Populaire sur Internet et en Allemagne mais inconnu du grand public en France, le Furry Fandom tente de sortir de sa confidentialité. Jusqu’à s’exporter en Lorraine.
« Ce qu’est le Furry Fandom ? Cela risque d’être compliqué de vous répondre ». C’est avec cette première réponse que l’on commence à douter du bien-fondé de la démarche. Pourquoi diable vouloir écrire sur ce sujet si l’on ne peut pas en donner une définition simple ? Qu’importe : Benoît Clariana-Roig, Président de l’Association Lorraine Furs, veut bien s’y essayer. Si l’on s’en tient à une description basique, le terme furries désigne les fans d’animaux anthropomorphiques. Pour lui, ceux qui font partie de cette mouvance sont « des bâtisseurs de monde, de grands rêveurs créatifs ».
Du point de vue de Quentin Julien-Saavedra, enseignant en Arts du spectacle à l’Université de Grenoble, ces personnes ne sont pas simplement fascinés par les animaux à fourrure ou nostalgiques de leur enfance. Dans la revue Multitudes, il écrit : « la participation à cette collectivité semble réellement transformer l’identité de ceux qui s’y reconnaissent, en ce qu’ils s’imaginent un corps et un « être » hybride à la fois humain et animal”. Implantée massivement en Angleterre ou en Allemagne depuis les années 80, cette sub-culture a pris un nouvel essor avec Internet, permettant aux furries de communiquer « à travers le prisme des écrans, forums, t’chats, webcams, etc. » Ces technologies leur offre l’occasion de n’afficher que leur identité hybride.
« Il serait faux de dire qu’il existe un profil type du furry-fan » ajoute Benoît Clariana-Roig, « on vient tous pour une raison qui est différente ». Parmi elles, on peut citer par exemple le plaisir de se costumer, de performer, pour l’art et la création numérique, les jeux et dessins animés, la spiritualité (s’identifier à un animal totem), ou la sexualité.
« Yiff », l’art érotique anthropomorphiste
Dans la plupart des médias, c’est cette dimension sexuelle et érotique qui cristallise l’attention. À tel point qu’un mot (« Yiff »), est apparu pour désigner l’ensemble de ces pratiques. Pourtant, ce fantasme est loin d’être partagé par la majorité des furries. En 2014, une doctorante en psychologie spécialisée dans la sexualité s’était rendue à une convention rassemblant plus de 700 participants. Citée dans un article de Slate.fr, elle relate n’avoir assisté qu’à des « scènes banales » et rien de ressemblant à une « réunion libertine ».

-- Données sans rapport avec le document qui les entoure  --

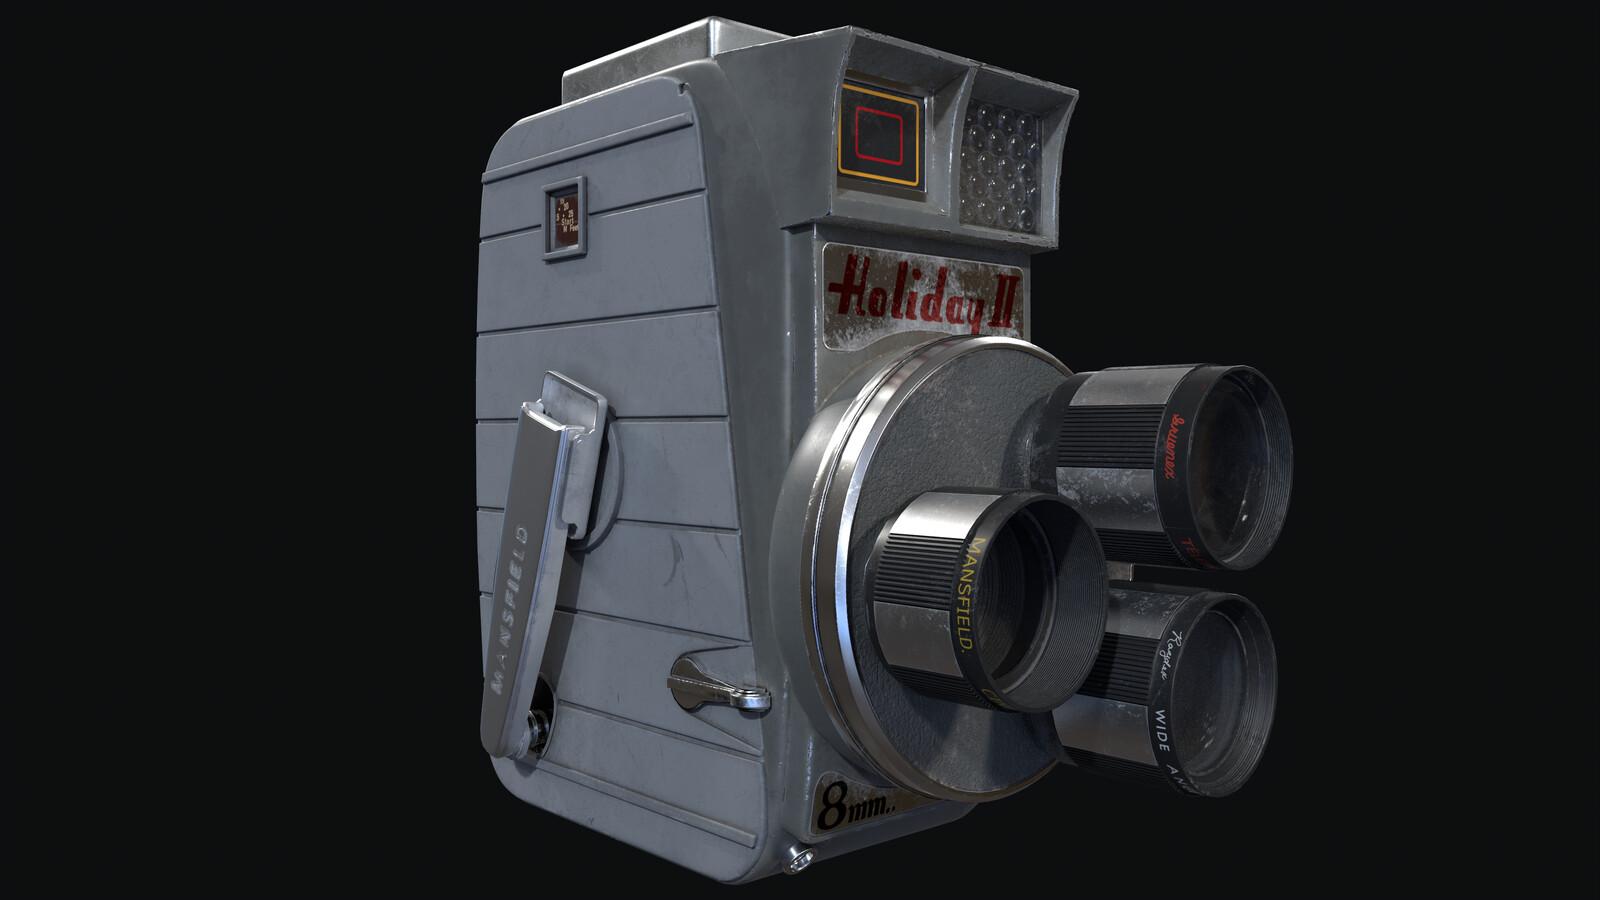 Mansfield Holiday II 8mm Triple Turret Camera

C’est cette ambiance conviviale et bon enfant qui est mise en avant par l’association Lorraine Furs. Grâce à un partenariat avec Épinal, elle propose des animations à destination du grand public et des familles, à l’image d’une « Furwalk » mensuelle dans des parcs de la ville.
Une Furry Lorraine
Il est devenu habituel que chaque communauté importante de fans sur Internet voit apparaître dans son sillage un déluge de haine, et le furry fandom ne fait pas exception à la règle. Il cristallise ainsi une détestation importante, qualifiée d’« anti-furries ». Pour le président de Lorraine Furs, elle est lié au contexte d’apparition en marge des conventions de science-fiction. « Tout le monde se tire sans arrêt dans les pattes. Ils (ndlr: les participants à ces conventions) ont toujours été en lutte contre nous. »

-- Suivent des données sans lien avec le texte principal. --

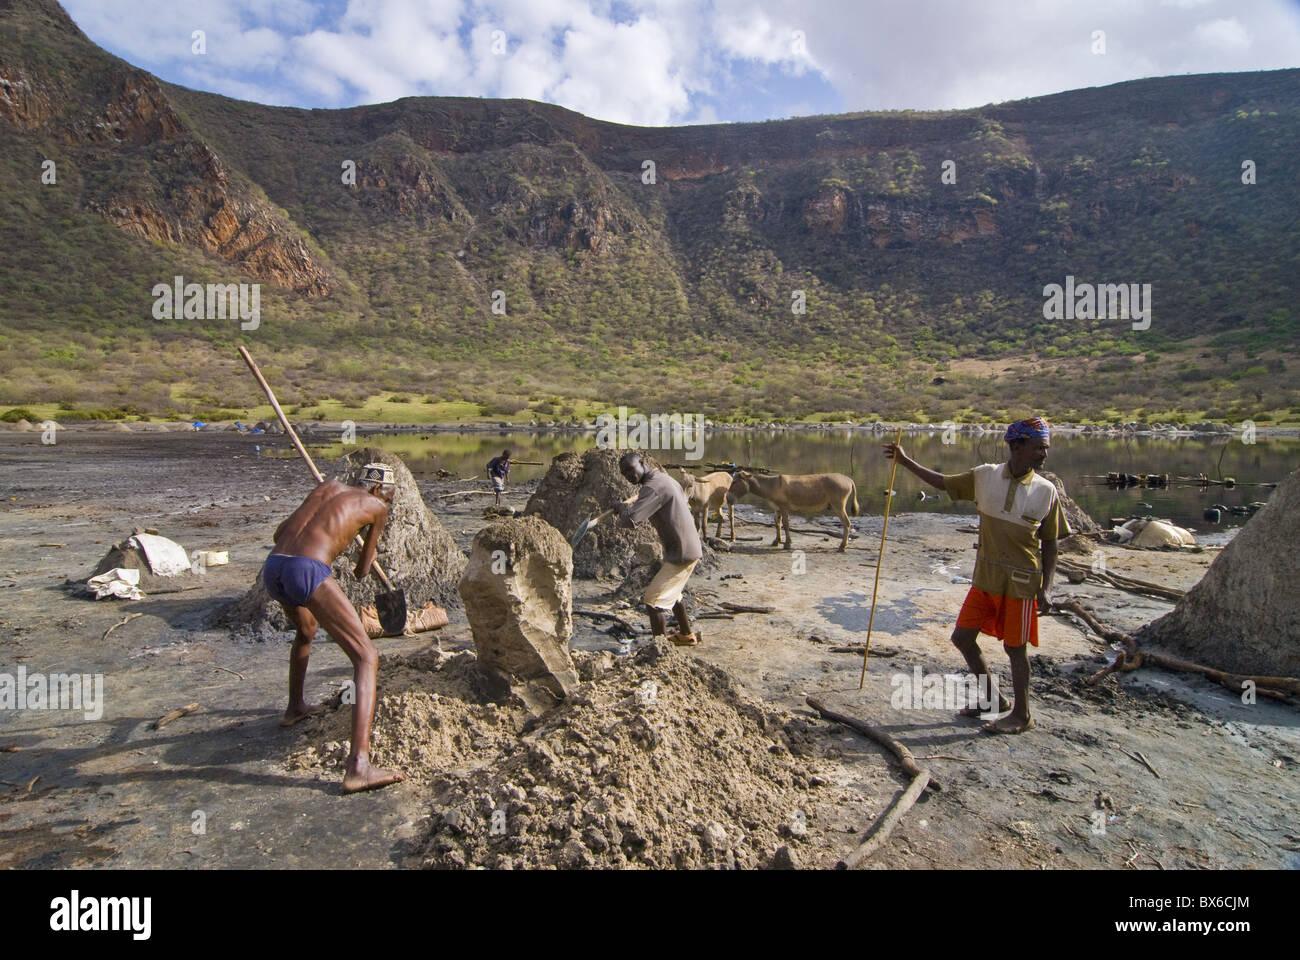 Workers digging for salt, El Sod crater lake, Ethiopia, Africa - Stock Image

Il est aussi possible d’expliquer cette aversion par l’existence même du furry fandom. Il s’agit en effet d’une forme de sub-culture située en dehors des normes sociales habituelles, dont les membres revendiquent le fait d’être différents et de ne pas avoir de place dans la société.
D’un revers de main, Benoît Clariana-Roig balaye cette hostilité : « ce n’est pas quelque chose dont il faut se formaliser. Ce n’est pas pour ça qu’on va rester cachés ! ». Il reconnait qu’après 20 ans sans réelle promotion en France, le Furry Fandom a encore du chemin à faire. Mais compte tenu de la proximité géographique et de la popularité du mouvement outre-Rhin, il compte en profiter pour le développer . Pour l’instant, il n’existe toujours qu’une seule et unique association régionale en France. Elle se situe en Lorraine.